Are you still surprised when an Instagram ad appears on your phone and offers you exactly what you were thinking of buying? What would you think if drones came at your house and brought you everything you want without having to ask for it? QualityLand has a system that knows us better than ourselves, where each person is assigned a level based on their personal and professional “success”, so that their work, their leisure options and even their personal relationships depend exclusively on the algorithms.

When your smart assistant is the one who helps you deciding everything, including which political party you should vote for, is it just a suggestion or is it a new system based on impositions? What happens if you don’t agree with your employment situation, the relationship that QualityPartner has assigned to you, or you don’t want the last products that TheShop has sent you? Peter Jobless, who has such a low level that he is considered “Useless”, is the main character of a futuristic novel full of satire that helps us laughing at ourselves while criticizing many aspects about the system we live in.

The future that Marc-Uwe Kling describes in his novel “QualityLand” is surprisingly easy to imagine and throughout its reading we will doubt several times about the type of book we have in our hands due to the large dose of realism that we can find in this science fiction novel. QualityLand could be compared to “1984” (George Orwell) or “Brave New World” (Aldous Huxley) and is very critical about many aspects (political, economic, social…) which we recommend for both young people and adults.

Thus, in QualityLand robots take up many jobs that were previously carried out by people, which means that there are people who live very well and people who are totally against the new work organization and would destroy any robot. In this context, we will not only see how relationships between humans and robots are like in QualityLand, but we will also know John Of Us, an android which is a candidate for the presidency of the next elections and which is ready to improve the world while raising issues so discussed nowadays such as the proposal of a basic income for citizens.
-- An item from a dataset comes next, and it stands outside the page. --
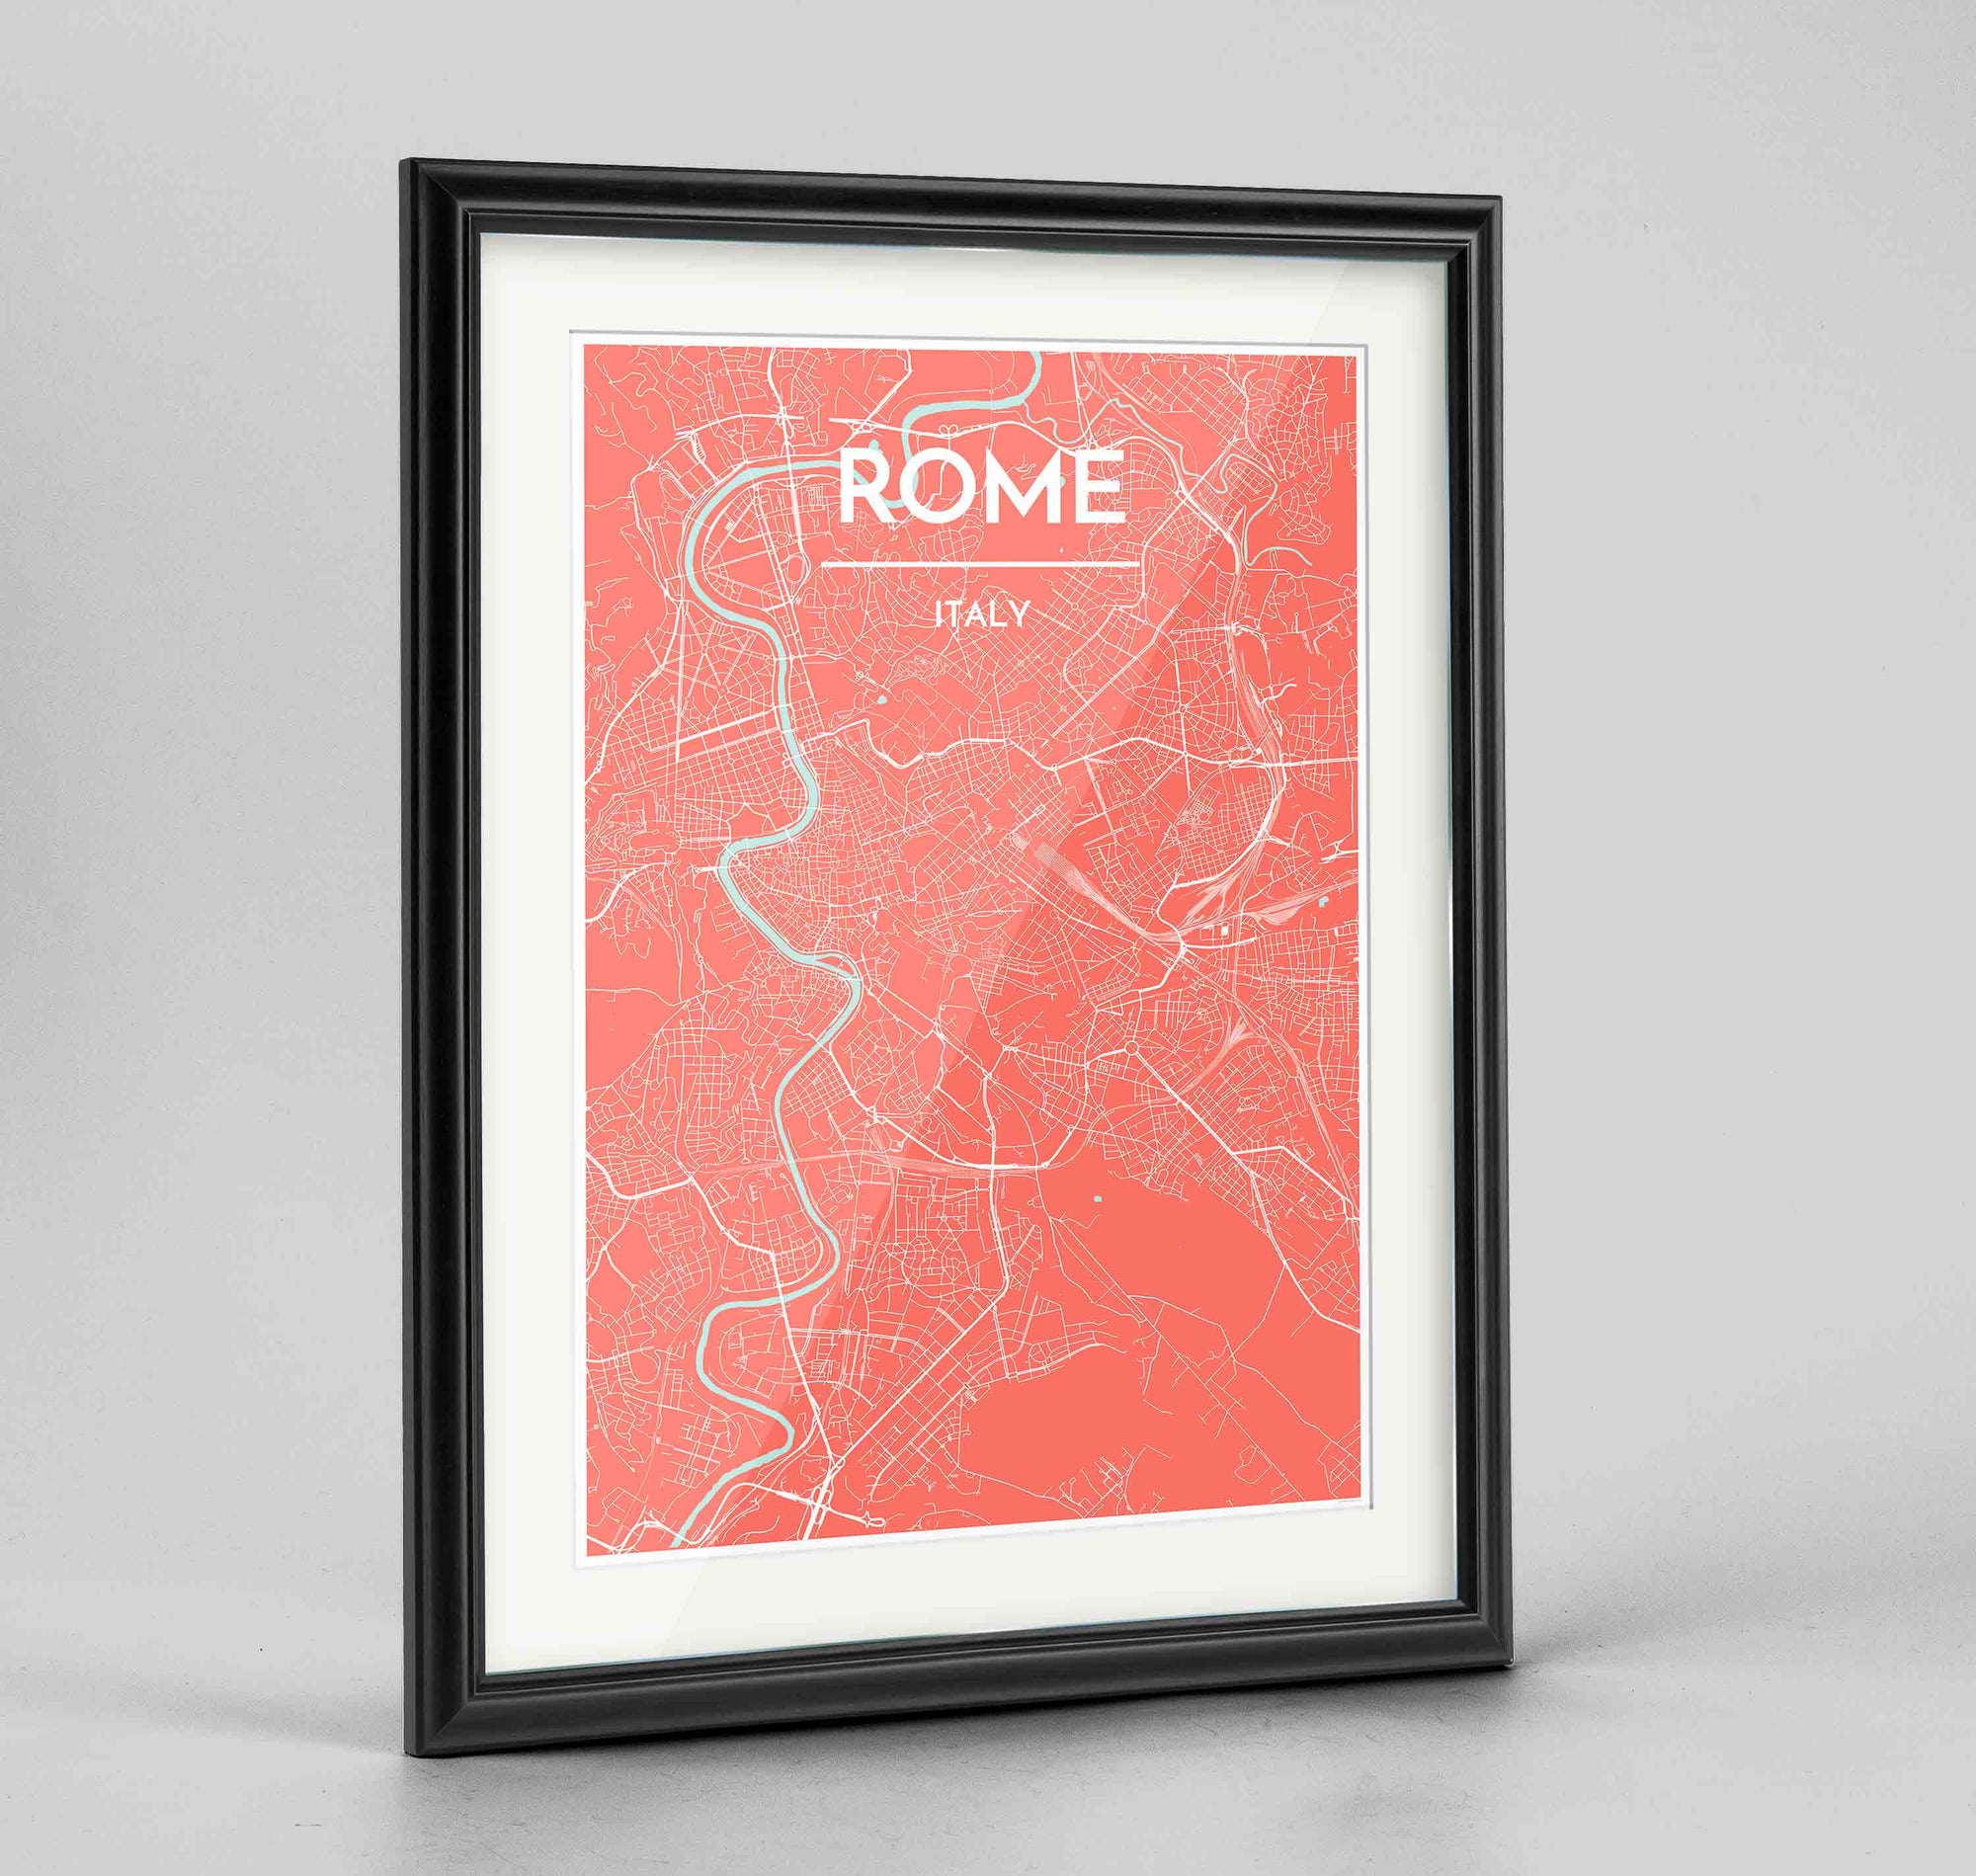 Framed Rome City Map 24x36" Traditional Black frame Point Two Design Group

The “personality” of John Of Us as opposed to his rival (the leader of the opposition, a human with a very high level) and the “imperfections” and the sympathy of different robots that join Peter Jobless in his crusade against the system will get the reader to sympathize with both QualityLand machines and people described as “Useless“, who are prevented by the system itself from ascending and reaching higher levels, thus perpetuating the wheel using algorithms, since the system evaluates and scores people based on themselves and only shows them certain news or advertising, specific job offers or a couple of the same level, while allowing them to ignore the rest of the things that happen in QualityLand and creating a bubble around them.

QualityLand will make the reader consider many things of their day to day while reading the novel and, despite the clear intrinsic criticism in its sarcastic tone, it leaves a lot of freedom for each one to build their own opinion about a hypothetical future that shows how technology, in the hands of certain people, companies or institutions, could achieve full control of a population that could be kept out of their own decisions and could end up acting as if they were simple puppets. Kling doesn’t portray technology as evil –he even shows us a group of robots which are much more “human” than QualityLand’s humans– but warns us of the dangers of losing control over it.